Overview

Distributed Systems are teams of computers working together. The Cloud is a distributed system.

Core Idea

The core idea is Scalability. A single computer has limits. A thousand computers can do anything. But coordinating them is a nightmare.

Formal Definition

A model in which components located on networked computers communicate and coordinate their actions by passing messages.

Intuition

  • The Orchestra: One musician is easy to manage. An orchestra needs a conductor (or a very good protocol) to stay in sync.
  • The Two Generals Problem: Two generals on opposite hills need to attack at the same time. They can only send messengers through the enemy valley.

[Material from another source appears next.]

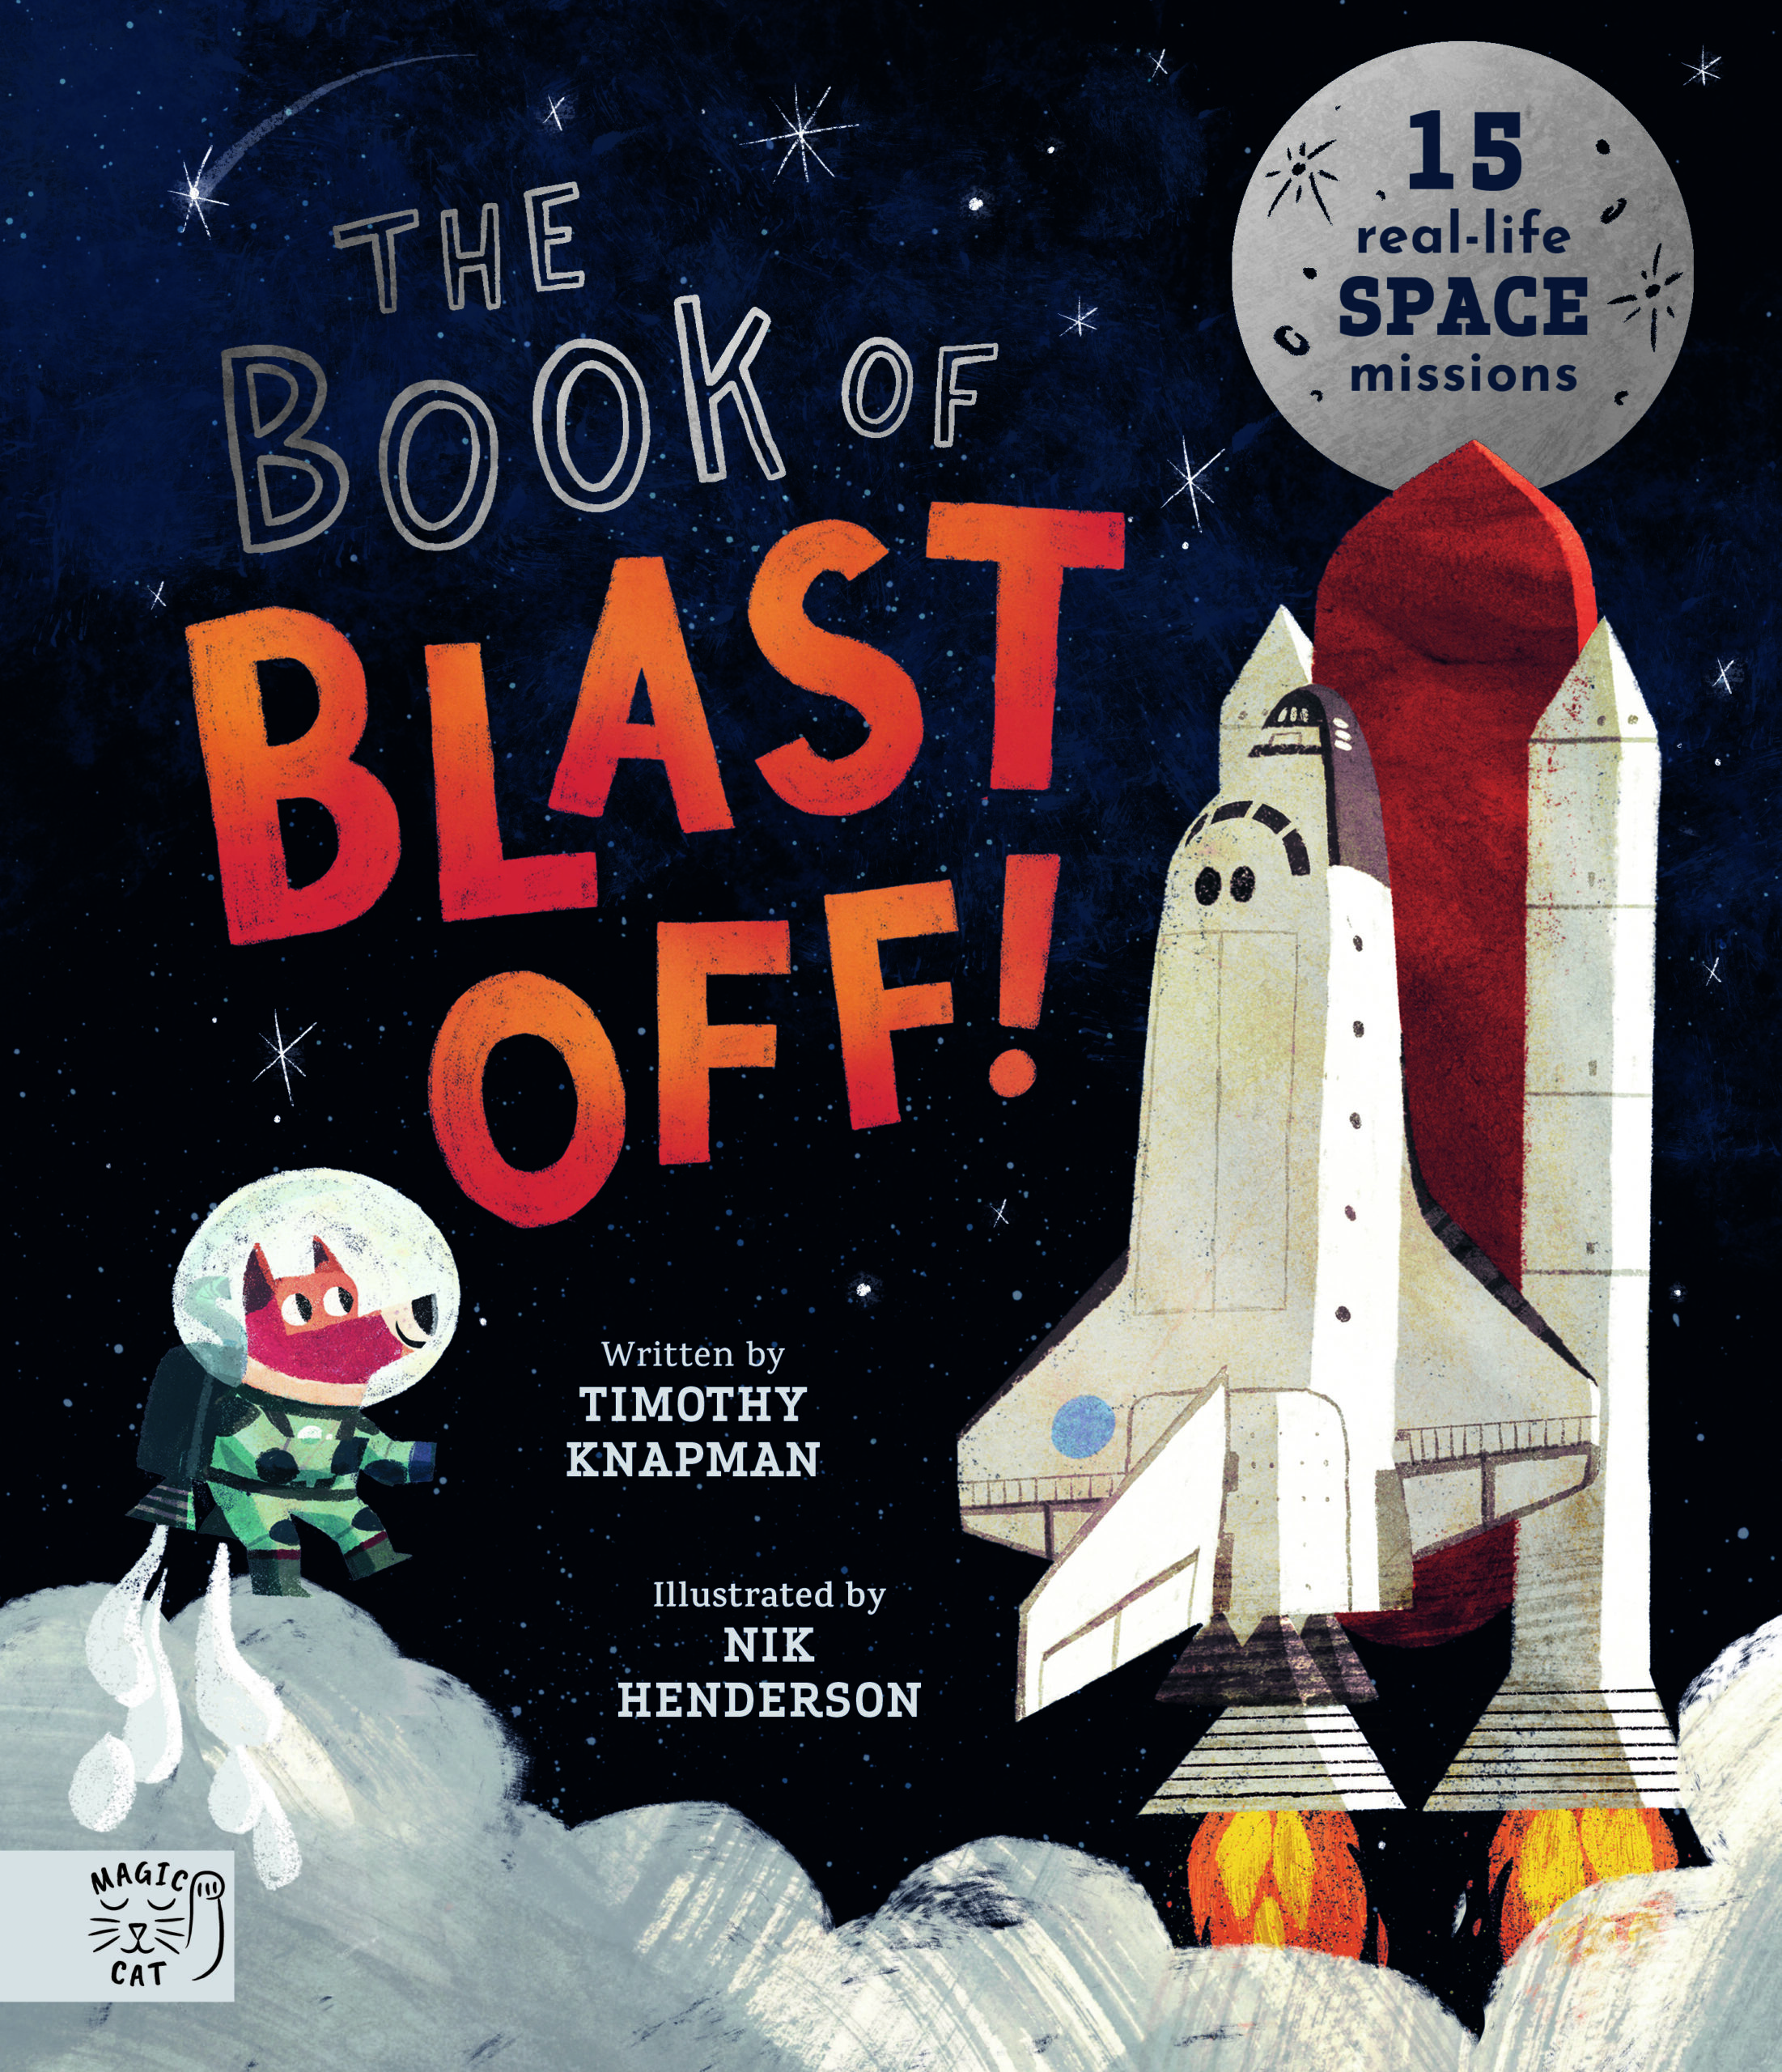 The Book of Blast Off!

How can they be 100% sure the other got the message? (Spoiler: They can’t).

Examples

  • Google Search: It’s not one computer; it’s data centers full of them.
  • Blockchain: A distributed ledger where everyone agrees on the truth without a central authority.
  • BitTorrent: Peer-to-peer file sharing.

Common Misconceptions

  • Misconception: The network is reliable.
    • Correction: The Fallacies of Distributed Computing: The network is reliable, latency is zero, bandwidth is infinite… all lies.
  • Misconception: It’s just “more computers.”
    • Correction: It introduces new classes of bugs (Race Conditions, Partial Failures). “A distributed system is one in which the failure of a computer you didn’t even know existed can render your own computer unusable.” (Leslie Lamport).

Applications

  • Cloud Computing: AWS, Azure.
  • Big Data: Hadoop, Spark.

Criticism and Limitations

  • Complexity: Debugging is hell.

Further Reading

  • Distributed Systems by Tanenbaum and van Steen